# 7 Year Old Morgan Mare Critique



## mkmurphy81 (May 8, 2015)

She looks nice. I don't see any issues that really jump out at me. Can't wait to see her when she's in shape.


----------



## BlueSpark (Feb 22, 2012)

To me she looks down hill, with a steep shoulder angle and something seems mismatched about her front and back halves. She has nice straight legs, and I can defenately see her breed. I think she'll look very nice once she's in condition.


----------



## greentree (Feb 27, 2013)

I think the camera angle was a little low....she has a lovely wide chest, beautiful straight legs. Her neck could be a little longer, but it may be the camera angle, too. 
She is LOVELY. Not you average modern Morgan, but WAY better!
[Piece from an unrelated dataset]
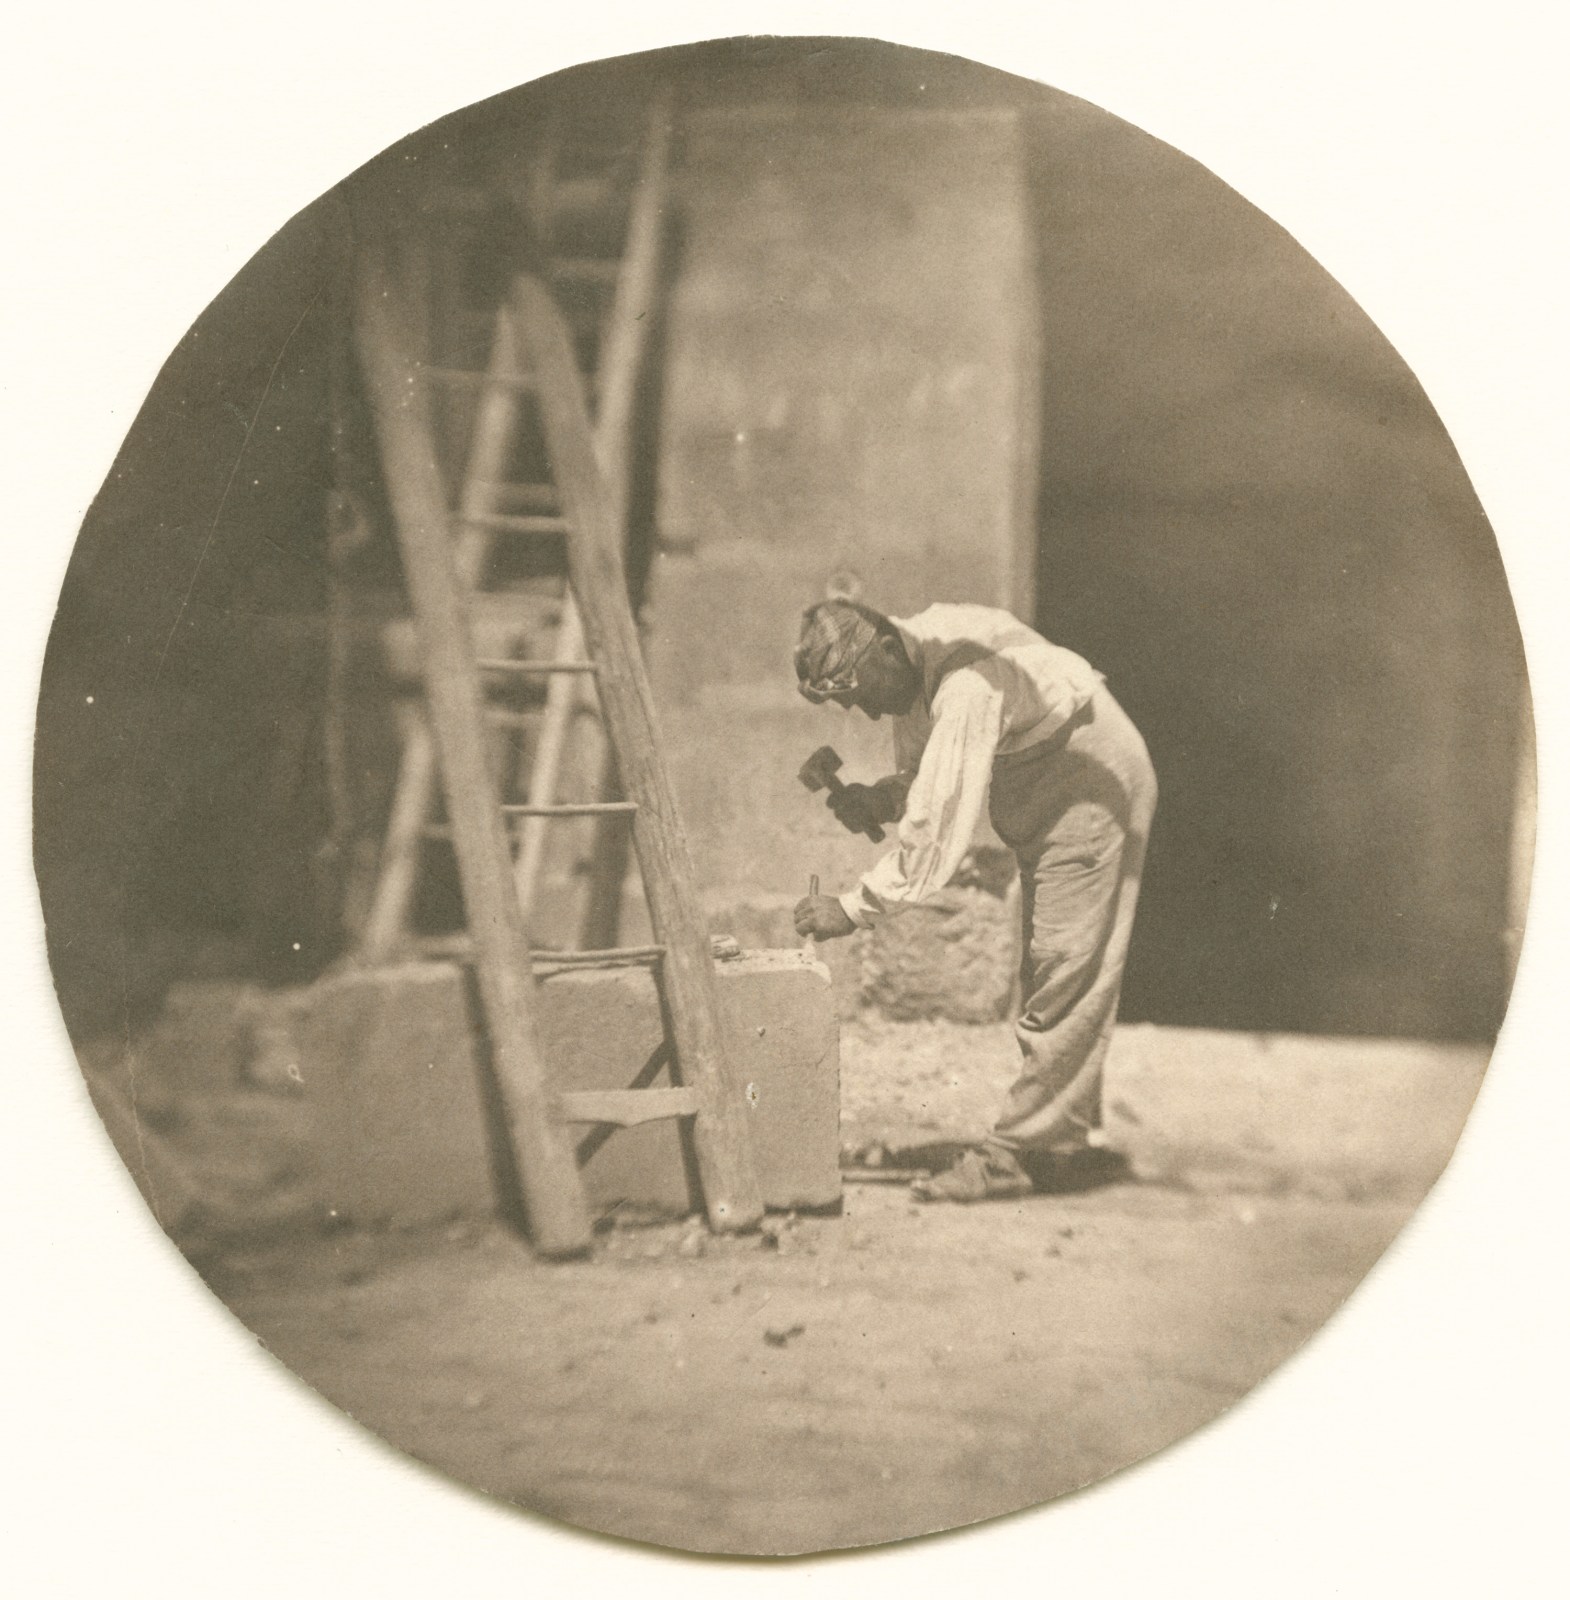 Charles NÈGRE (French, 1820-1880) Le tailleur de pierre, summer 1853 Salt print from a collodion on glass negative 9.9 cm tondo

Can we please see a video, when she is sound?


----------



## Larissa (Jan 25, 2014)

I will be sure to get a video! 

Anyone else? Elana I love your critiques, if you want to and see this!


----------



## tinyliny (Oct 31, 2009)

LOT to like. low hocks, nice sized hip, good hip/shoulder matching angles, overall good balance, nice big knees, legs set a bit wide (maybe a bit of a rolling feel to her walk), nice neck length, just a darn nice mare!

ok, yes, shoulder a bit more upright than I first saw, but I love this hrose's confo.


----------



## Saddlebred11 (Mar 27, 2014)

I would say the one issue that jumps out to me is just her steep shoulder angle which messes with her balance. Otherwise she has a decent hip. Her pasterns look a little short however that might be an odd angle. Looks nice and deep in the heart girth. 
Good luck with her,
Saddlebred11


----------



## Larissa (Jan 25, 2014)

BUMP. Anyone else want to critique? Elana are you out there, your critiques are so good.


----------



## Corporal (Jul 29, 2010)

She is built downhill. Just take a piece of paper and put it under the hooves on the screen. It bothers me that she is camped out. Even my 16'3hh KMH gelding stands with his back feet underneath him, and he IS gaited. Her hooves seem trimmed too short. Why is she on stall rest?
I'm not sure that you will get very far on Dressage with her. Her back legs are a little too straight, and she won't be able to stride under as easily. That, and her downhill build puts more pressure on the front two legs to wear out. No matter WHAT you do with her, she will need to learn collection. I did that with my downhill built QH, "Ro Go Bar", (bought as a 7yo, 1982-2009, RIP) and his front legs did not wear out prematurely. As she improves, maybe you can post some more pictures. =D


----------



## Larissa (Jan 25, 2014)

Corporal said:


> She is built downhill. Just take a piece of paper and put it under the hooves on the screen. It bothers me that she is camped out. Even my 16'3hh KMH gelding stands with his back feet underneath him, and he IS gaited. Her hooves seem trimmed too short. Why is she on stall rest?
> I'm not sure that you will get very far on Dressage with her. Her back legs are a little too straight, and she won't be able to stride under as easily. That, and her downhill build puts more pressure on the front two legs to wear out. No matter WHAT you do with her, she will need to learn collection. I did that with my downhill built QH, "Ro Go Bar", (bought as a 7yo, 1982-2009, RIP) and his front legs did not wear out prematurely. As she improves, maybe you can post some more pictures. =D


Yes, she is a little downhill. Her being camped out, is my fault. She was square, and if I messed with it I would have never got good pictures. Her hooves actually are in work, a prev farrier I had made her toes sooo long and heels sooo short. So now I have a new farrier and her toes are where they need to be, and we are waiting for her heels to grow back. She is on stall rest for a tear in her suspensitory or deep flexor. We did not do ultra sounds etc, because the treatment would have been the same and we didn't want to do stem cell treatments. Oh yes, she will learn all that asap. She is still very green under saddle, she was started late at no fault of her own. Of course, I sure will!


----------